Healthcare industry comprising medicine, dentistry, nursing, pharmacy and allied health need automated healthcare software. Going by global healthcare industry’s standard classification, the healthcare has been classified including, biotechnology, diagnostic substances, drug delivery, drug manufacturers, hospitals, medical equipment and instruments, diagnostic laboratories, nursing homes and providers of health care plans.

Health IT will see a major boost with the implementation of healthcare reforms. Till now, there has not been too much investment in IT sector by the healthcare industry. But with the requirements asking for more focus and attention, Health IT will get increased funding.

It goes without saying that The IT departments of healthcare industry suffer from poor infrastructure. The need of custom automated software is there but the investment needs to be made. Without doubt, investment is made when there are some chances of return. But as the healthcare companies and entities would need to comply with the new healthcare standards, they will have to cut their costs in other areas and try to invest in this.

If you want to go for some statistics, let’s consider a report by Commonwealthfund. The report says that the adoption of electronic health records could produce efficiency and safety savings of $142 billion in U.S. physician offices and $371 billion in U.S. hospitals till 2020. But cost of around $156 billion over five years, with an additional $48 billion in operating costs is also associated with it.
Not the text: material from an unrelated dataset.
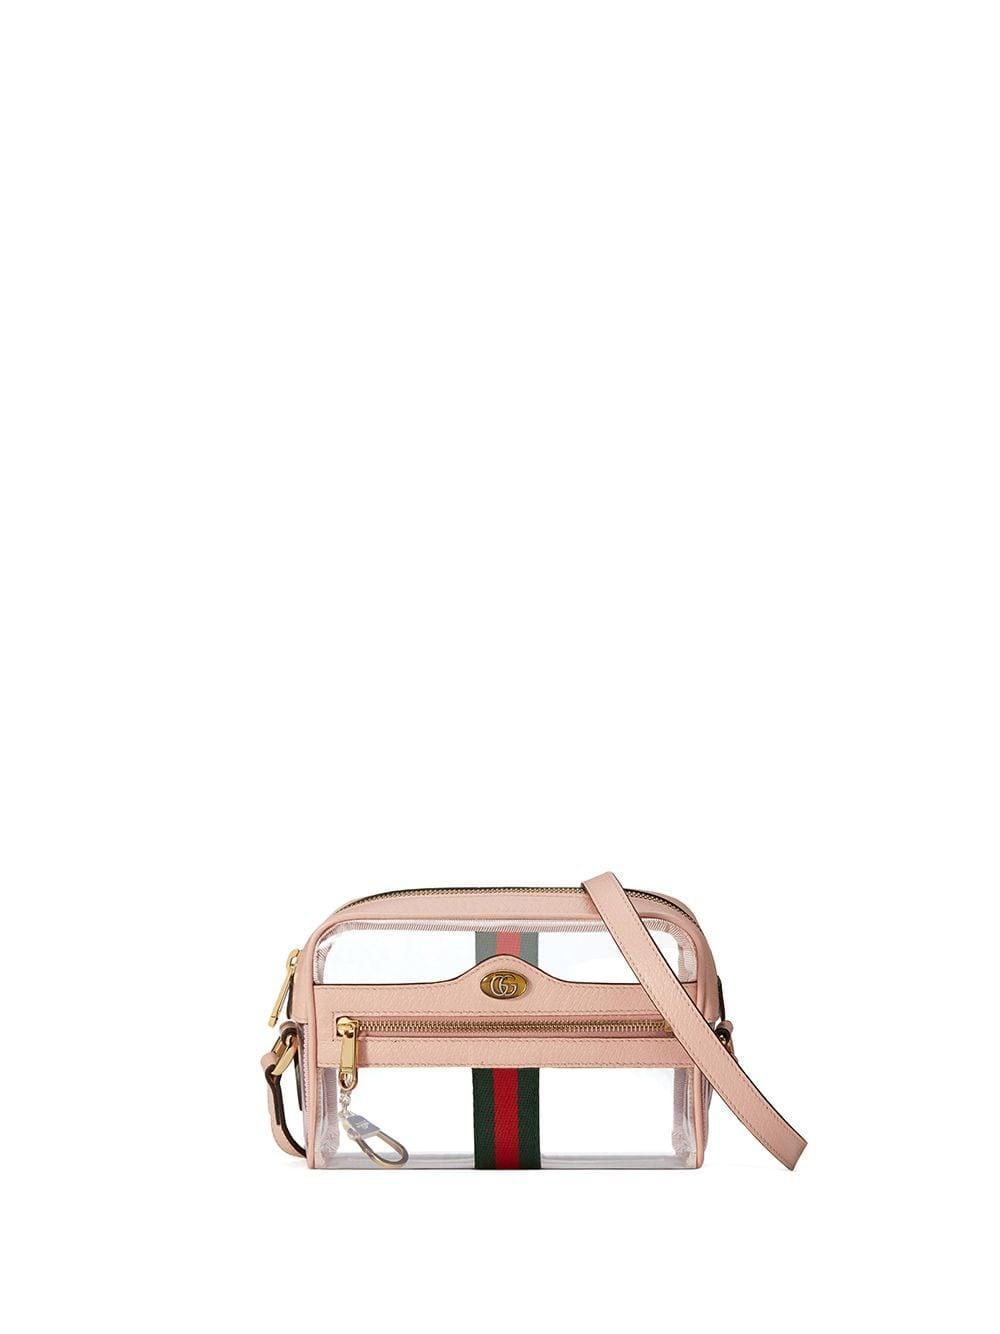 Gucci Ophidia Shoulder Bag PVC Mini Clear 5859110

But this is something that can be pursued given the betterment it offers to the industry.

When we talk about Health IT, it could include, electronic medical records (EMRs), electronic health records (EHRs), personal health records (PHRs), payor-based health records (PBHRs), and electronic prescribing (e-prescribing). All these systems need to be developed in a robust manner to ensure that the dictums of healthcare reforms are fully complied to.
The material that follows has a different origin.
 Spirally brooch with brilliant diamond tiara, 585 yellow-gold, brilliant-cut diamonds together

Some features of HIT include:

* Electronic Health Records (EHRs)
* Electronic Medical Records (EMR)
* Personal Health Records (PHRs)
* Payor-based Health Records (PBHRs)
* Electronic Prescribing (e-Prescribing)
* Financial/Billing/Administrative Systems
* Computerized Practitioner Order Entry (CPOE) Systems

Apart from these, healthcare software outsourcing could mean: cardiology software, clinical software, dental practice software, electronic medical records software, EMS software, health care software, health insurance software, healthcare case management, healthcare contract management, medical appointment software, medical billing, medical equipment software and medical staffing software, etc.

The healthcare reforms do not simply ask healthcare companies to comply with some norms but also the insurance companies, which provide financial stability and securities to consumers.
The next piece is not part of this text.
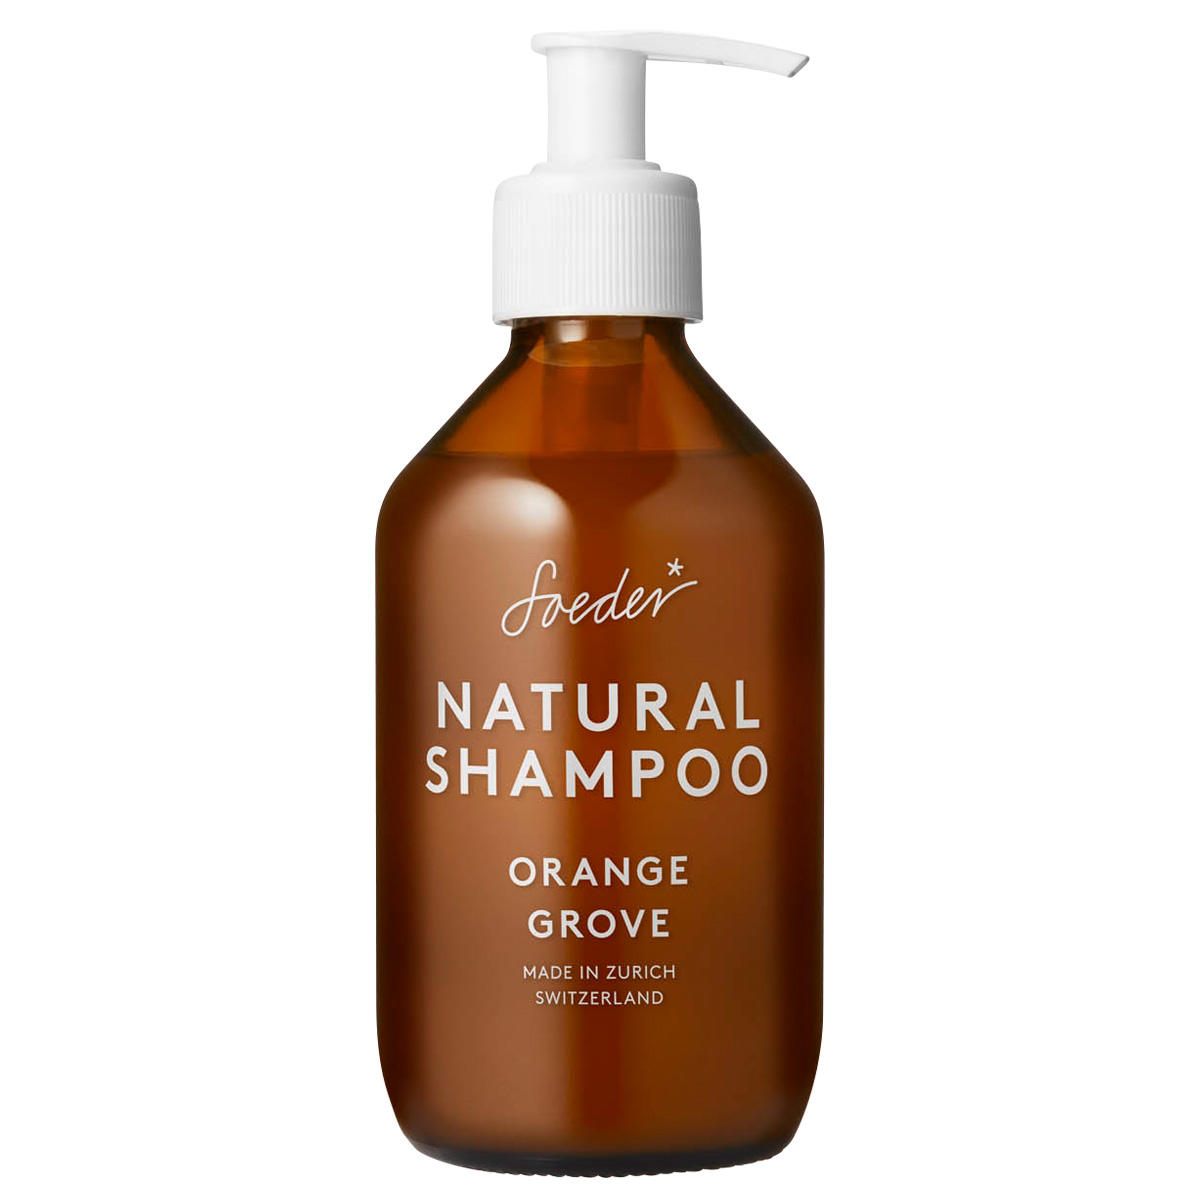 Soeder Natural Shampoo Orange Grove  - 1

Healthcare reforms ask every state to build a health insurance exchange, which is a huge challenge, given its newness and wanted functionality. The states will be depending upon big or innovative healthcare software companies to come ahead and provide the solutions, set up systems who could sustain the operations of these exchanges and run them smoothly, and also provide customer care to the consumers who come and do business with these exchanges.

All this mean that the software companies could on a real big business opportunity where healthcare companies, health insurance companies, and state governments would be their clients. In professional terms, this opportunity would be termed as a B2B market.

The development of software for healthcare industry is pretty much custom based. It could vary according to some norms or law, or it could be state specific. At the same time, different healthcare companies could have their own software designed for specific purposes. All this generates tremendous business opportunities for software companies. The idea of tapping this opportunity can be harnessed by the software development companies for a good reason.

Without doubt, the emergence of healthcare software solution would mean work all around. The one who taps it or caters to it will get most of the benefit.